All these years and I still rule your life.

         “You tell me,” Sam said. “Is Bin Chea the man you work for?”

         “The man’s dead.” Vanney tried to light a cigarette without success, and flung the pack out the window. “I’m not saying anything that’ll send me to jail.
Fuckin’ wet cigarettes.
I’m fuckin’ soaked to the skin.”

         “Who killed your friend Viseth?”

         “I wasn’t there, how should I know?”

         “Look, this is just between us. Viseth is dead, and I have no problem with that. If Huon did it, maybe I want to thank him.” Sam reached into his wallet and pulled out a ten--all he had left--and offered it to Vanney.

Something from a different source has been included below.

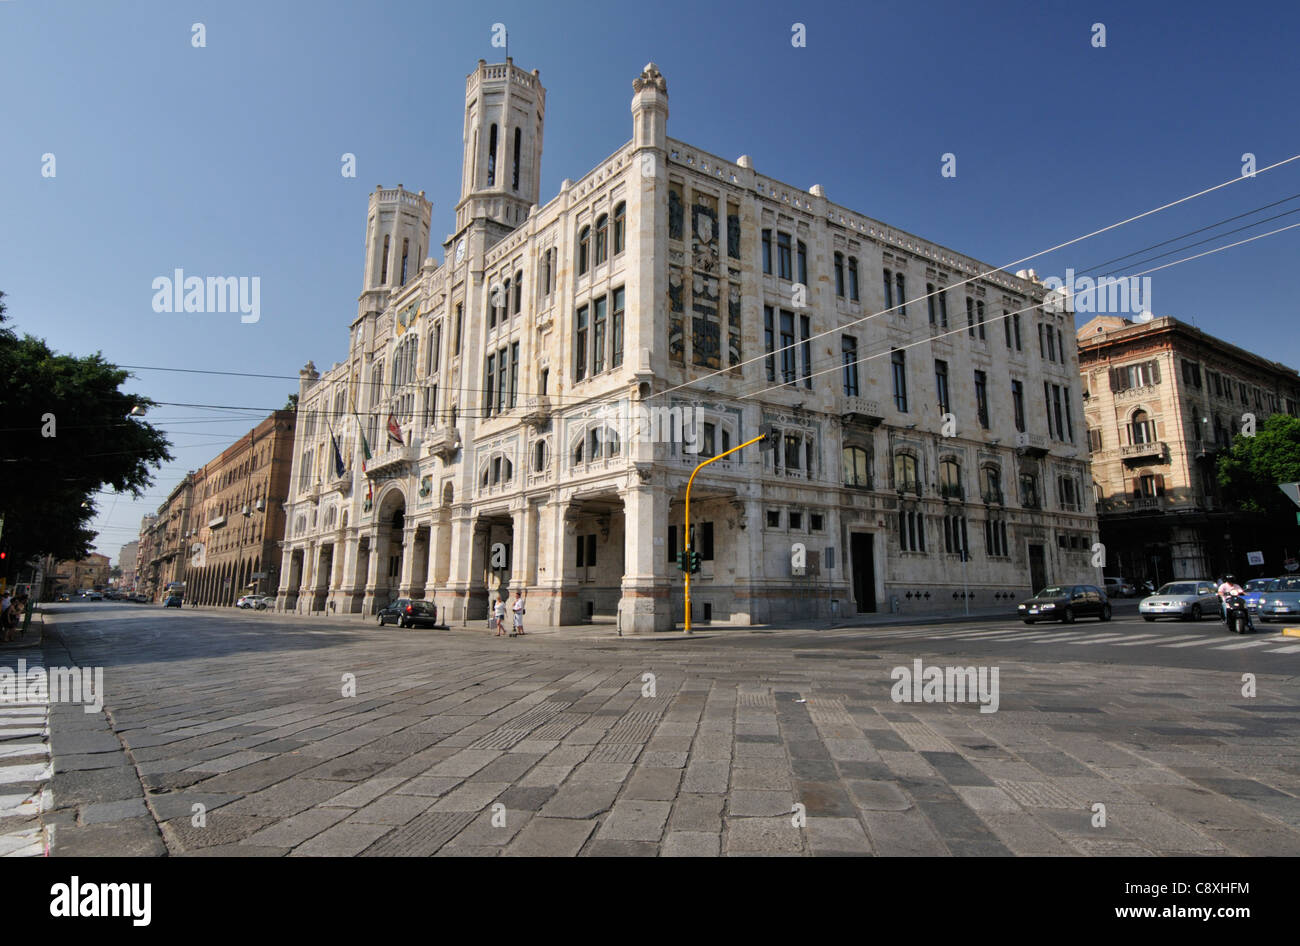 Architecture of the Municipio, the city hall of Cagliari, Sardinia, Italy Stock Photo

         Vanney looked at the rumpled bill with contempt, but snatched it from Sam anyway. “This doesn’t buy you anything,” he said.

         “Understood,” Sam said. “It’s for dry cigarettes. But if you help me now, I’ll make it worth your while.”

         “You mean if I’m caught someplace I don’t belong--”

         “Then I won’t shoot you. If I see a little help here, I’ll put in a good word. Very quietly, so they don’t know it on the street.”

         “Viseth wasn’t my friend.”

         “Wasn’t
mine
, either. Who did us the favor?”

         “I don’t know his name.”

         “Describe him, then.”

         Vanney looked as though Sam had asked him to recite Shakespeare. “A regular Cambodian,” he said.

        
“How old?”

        
“Thirty or forty, who knows?”

        
“Taller than me, or not?”

         “I’m not sure. Taller?”

         Sam was getting annoyed. He was fighting off sleep, and this Battboy was going to make him work for every detail. Sam heard himself asking about scars, distinguishing features, clothes, quirks, but the damn kid didn’t seem to remember much. It was time to give it up for the night. All he wanted now was to go home and go to sleep.